2026年以降は「資格+CCUS評価+現場実績」がセットで問われる時代

技術者の市場価値は、資格の有無だけでなく、CCUSのレベル・現場経験の幅・更新講習の受講履歴がセットで評価される方向に動いている。費用をかけて資格を維持することは、単なる義務ではなく、条件の良い現場への参加資格・独立時の単価交渉力・配置技術者としての付加価値を守ることに直結する。「更新費用が高い」と後回しにせず、早めに動く習慣をつけておくことが、長期的なキャリアを守る最大の防御策になる。

よくある質問

Q. 監理技術者講習の費用は会社に出してもらえるのが普通ですか?
A. 大手ゼネコン・大手専門工事会社(従業員300人以上)では全額会社負担が標準ですが、中堅・小規模会社では「受講料は出るが受講日は有給消化」または「全額自己負担」というケースも多くあります。2026年時点では、従業員30人未満の小規模会社では自己負担が過半数というのが実態に近いです。入社前に必ず「受講料の負担範囲」と「受講日の賃金の扱い」を確認してください。

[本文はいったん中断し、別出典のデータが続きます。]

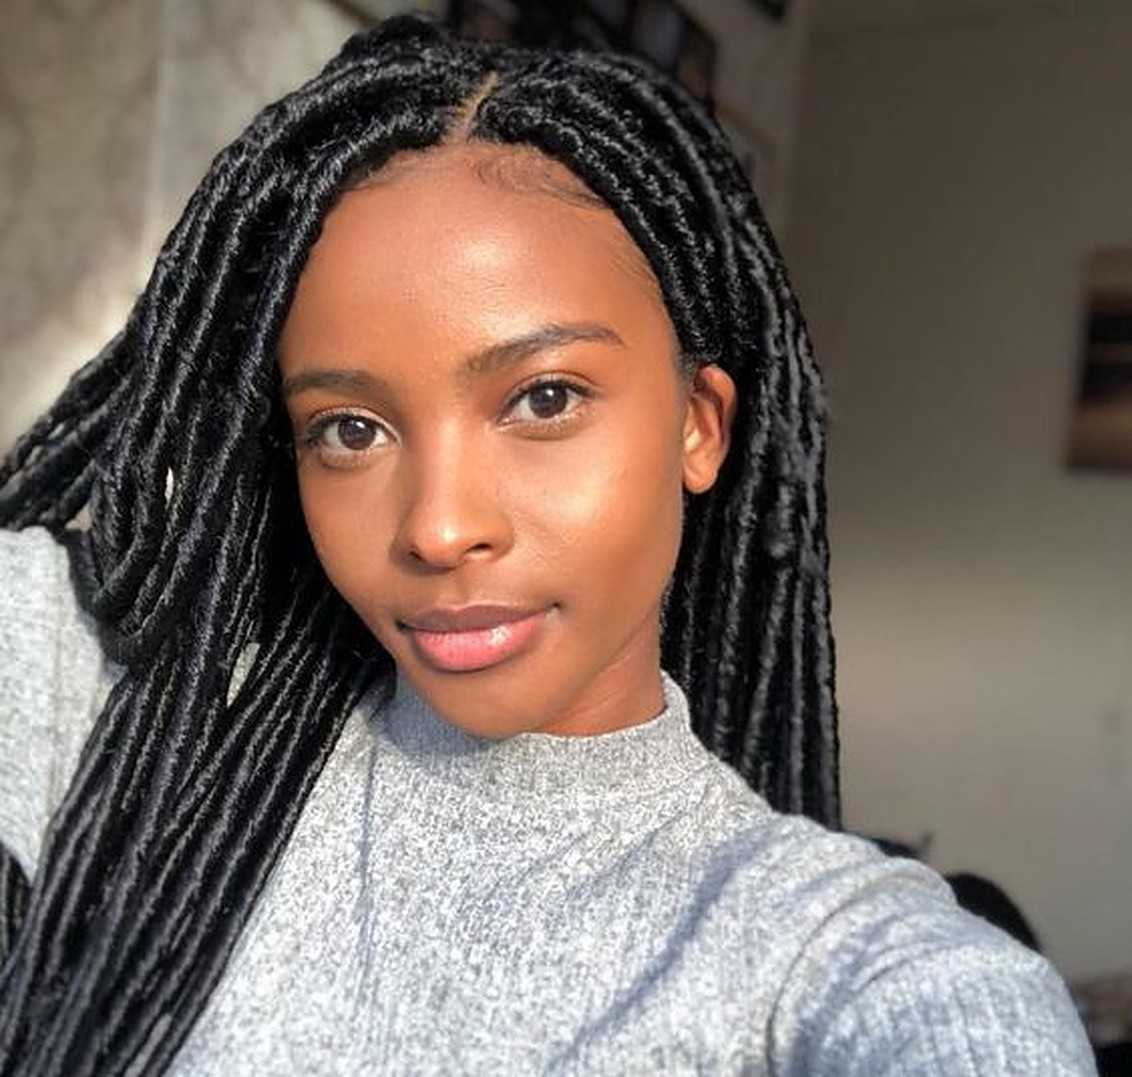 You may go for faux locs braids if your hair is prone to frizz up.

Q. 技能講習の修了証には有効期限がありますか?更新は必要ですか?
A. 玉掛け・クレーン・車両系建設機械などの技能講習修了証そのものに有効期限はありません。ただし、職長・安全衛生責任者の能力向上教育(おおむね5年ごと)、登録基幹技能者(5年ごと更新)、監理技術者講習(5年ごと)は期限管理が必要です。自分が持っている資格の種類ごとに更新サイクルを確認し、期限切れにならないよう早めに手続きしましょう。

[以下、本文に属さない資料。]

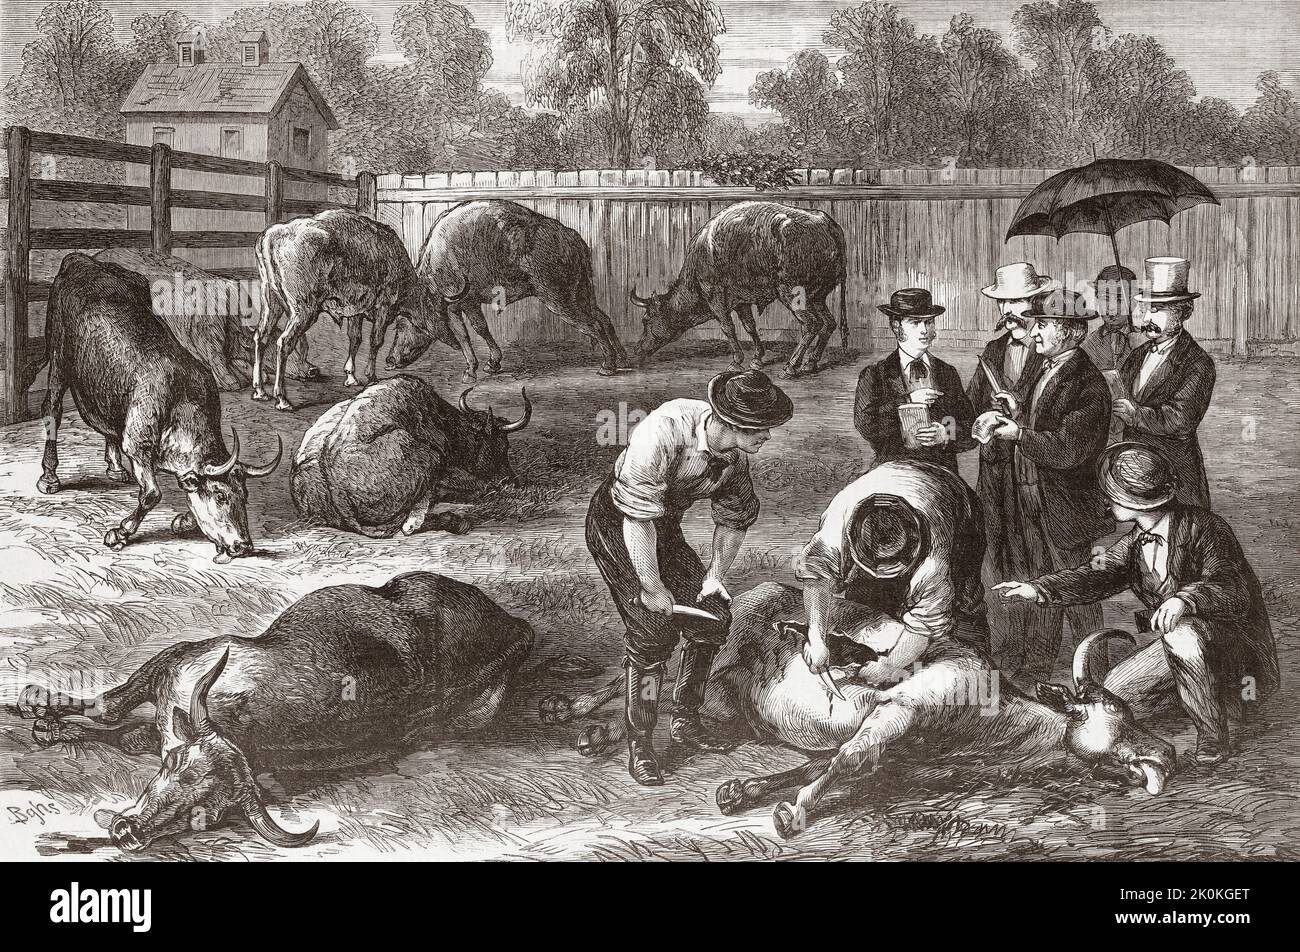 Members of the New York Board of Health examine animals stricken by cattle plague (also known as Steppe Murrain or Rinderpest) in 1868.  After an illustration in Frank Leslie's Illustrated Newspaper. Stock Photo

Q. 一人親方として独立した場合、講習費を経費にできますか?
A. はい、事業に必要な資格・講習の費用は全額経費として計上できます。領収書を必ず保管し、確定申告で「研修費」または「資格取得費」として申告してください。所得税率20〜33%の課税所得帯であれば、10万円の講習費を経費にすることで実質負担を67,000〜80,000円程度に圧縮できます。

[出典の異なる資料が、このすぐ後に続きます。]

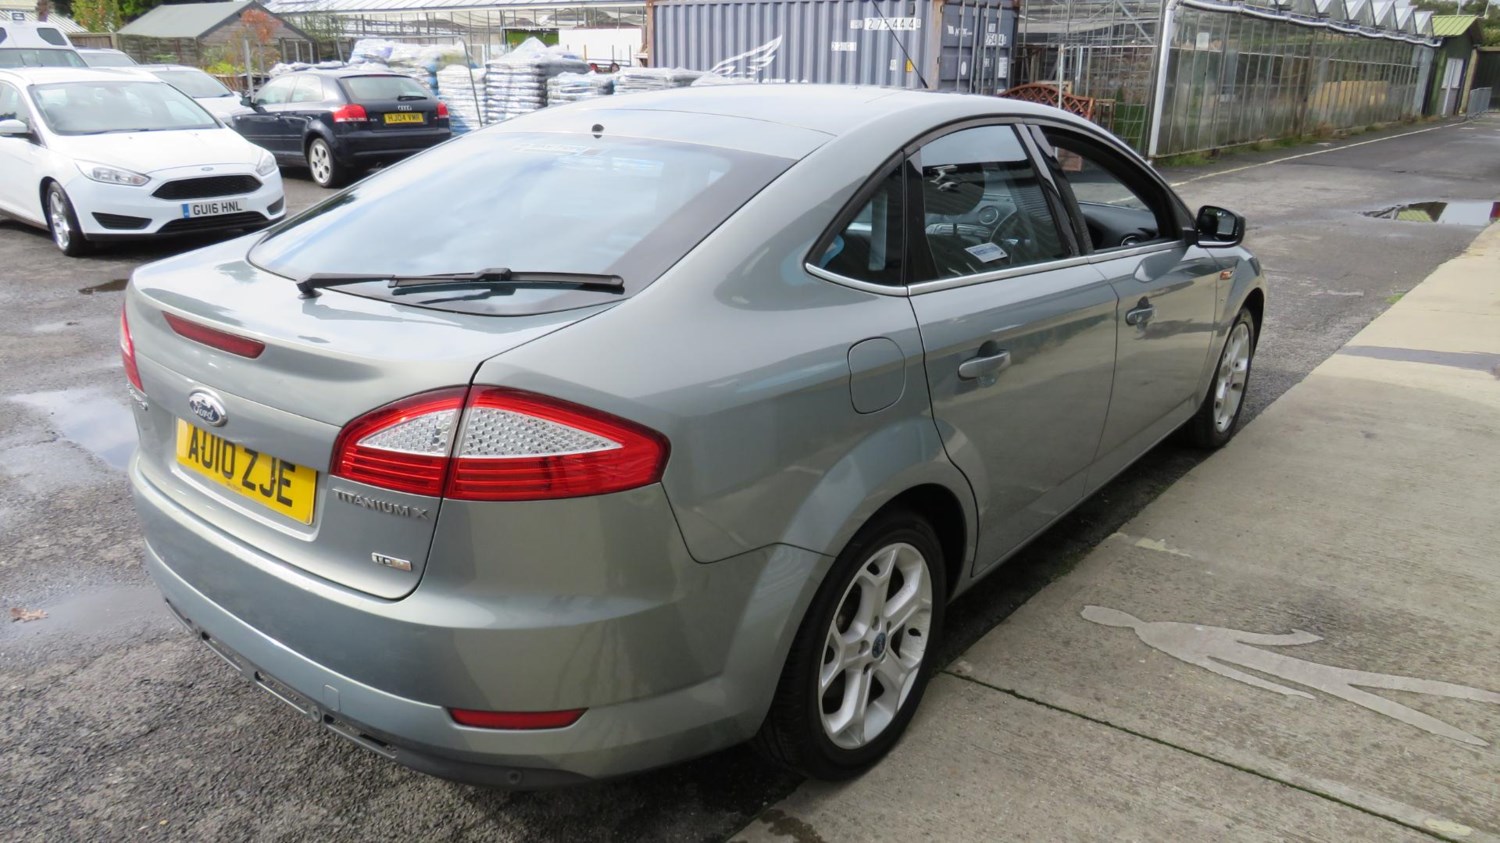 2010 (10) Ford Mondeo 2.0 TDCi TITANIUM X 5 DOOR For Sale In Bashley, Hampshire

Q. 転職先の面接で資格費用の負担について聞くのは失礼ですか?
A. まったく失礼ではありません。むしろ、確認しないまま入社して「思っていた待遇と違う」とトラブルになるほうが双方にとって不利益です。「資格取得支援制度の具体的な内容を教えていただけますか」という聞き方をすれば自然に確認できます。受講料・受講日の賃金扱い・資格手当の増額幅の3点を数字で答えてもらえない会社は、制度が形骸化している可能性があります。
Q. 監理技術者講習はeラーニングと対面型のどちらがお得ですか?
A. 費用面ではeラーニング型が有利です。2026年時点の相場で受講料が2,000〜4,000円安く、交通費・宿泊費も発生しません。また、現場を離れる日数が不要なため、日給制の職人にとっては機会損失も防げます。ただし、実施機関によって修了証の発行までの日数が異なる場合があるため、期限直前の受講は避け、余裕を持ったスケジュールで申し込むことをおすすめします。